How to process each item in an ordered list with duplicates only once in Python?

Question 1

You could take the length of the set before and after the add(). If it didn't change, the format was already in the set.

seen = set()
for (value, fmt) in formats:
    l1 = len(seen)
    seen.add(fmt)
    if l1 != len(seen):
         process(value, fmt)

Your question presumes that the in test is a costly operation. This turns out not to be the case. Using len() can take more time, although both are quite fast;

In [4]: seen = set(range(10000))

In [5]: %timeit 5995 in seen
10000000 loops, best of 3: 122 ns per loop

In [6]: %timeit len(seen)
1000000 loops, best of 3: 167 ns per loop

(measured with CPython 2.7.3 on a 2.5 GHz Core Quad Q9300)

Question 2

I think your first approach is the best. Even the unique_everseen recipe from itertools recipes is using the same approach.

def unique_everseen(iterable, key=None):
    "List unique elements, preserving order. Remember all elements ever seen."
    # unique_everseen('AAAABBBCCDAABBB') --> A B C D
    # unique_everseen('ABBCcAD', str.lower) --> A B C D
    seen = set()
    seen_add = seen.add
    if key is None:
        for element in ifilterfalse(seen.__contains__, iterable):
            seen_add(element)
            yield element
    else:
        for element in iterable:
            k = key(element)
            if k not in seen:
                seen_add(k)
                yield element

Question 3

You have to use a set:

for (value, fmt) in set(formats):
   process(value, fmt)

Question 4

from ordereddict import OrderedDict
unique_formats = list(OrderedDict.fromkeys(format))
process(unique_formats)

This will preserve the order and remove duplicates

Question 5

You can use itertools.groupby to group by the second element of the pair, and then only consider the first value.

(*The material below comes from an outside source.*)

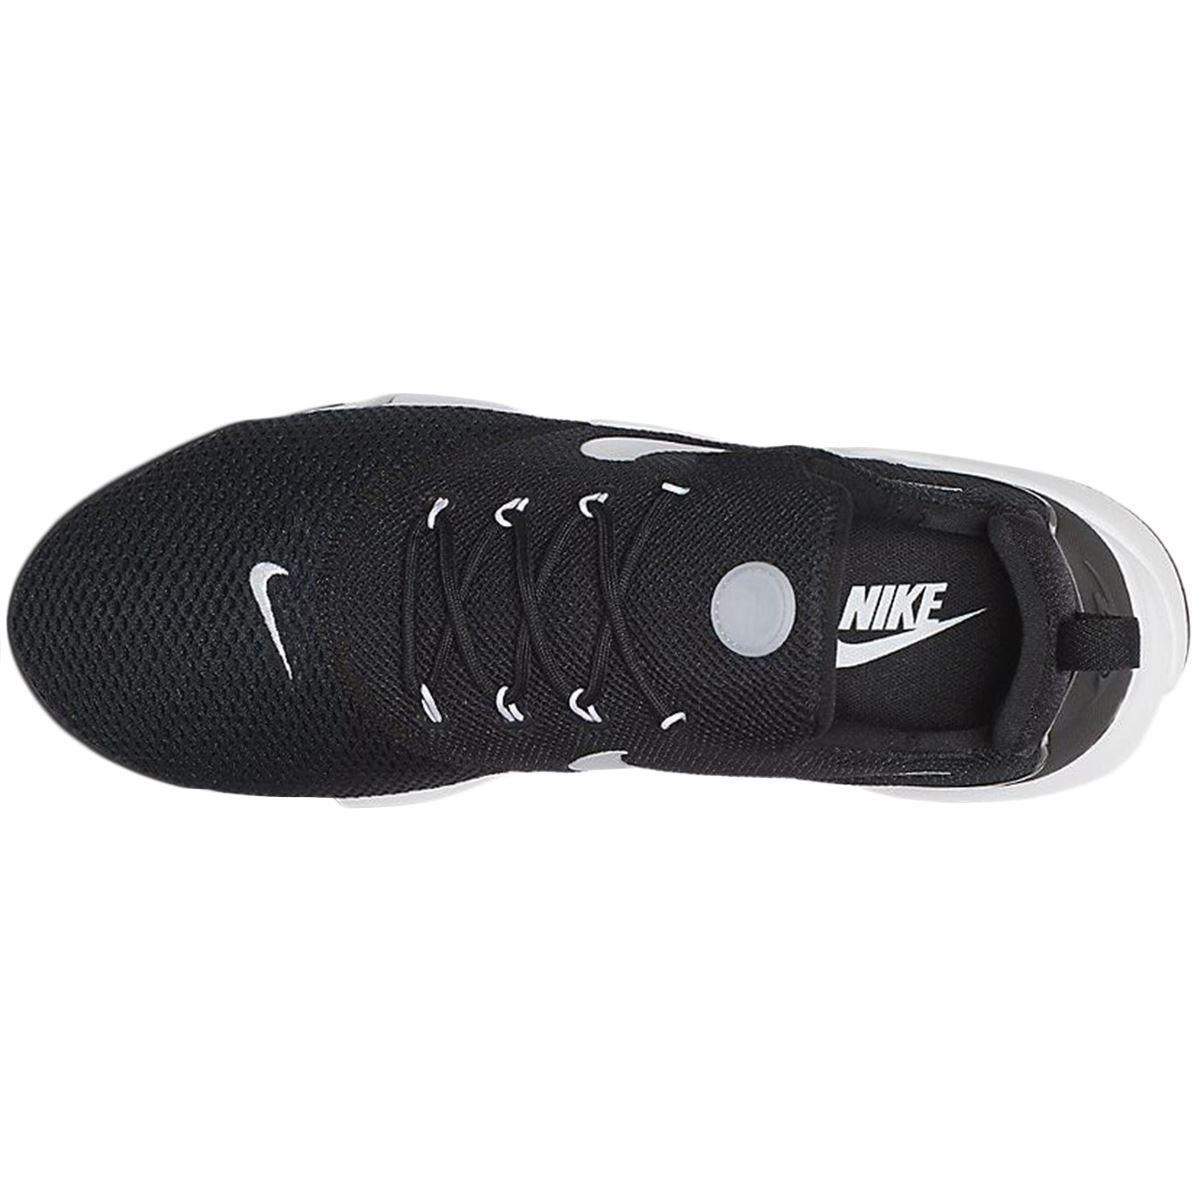 nike presto herren fliegen mesh spitzen eine top sneakers, schuhe herren presto - trainer läuft 8d9806

>>> from itertools import imap, groupby
>>> from operator import itemgetter
>>> formats = [(1, 'xxx'), (2, 'xxx'), (3, 'yyy'), (4, 'yyy')]
>>> for fmt, value in imap(lambda (x, y): (x, next(y)[0]), groupby(formats, itemgetter(1)):
...    print('%s: %s', fmt, value)
...
xxx: 1
yyy: 3

Question 6

If your list is in order, you can be sure that identical formats will be adjacent to each other. This means you don't need to use a set to keep track of past value. Just use a single variable to record the last format processed:

last = None
for (value, fmt) in formats:
    if fmt != last:
        last = fmt
        process(value, fmt)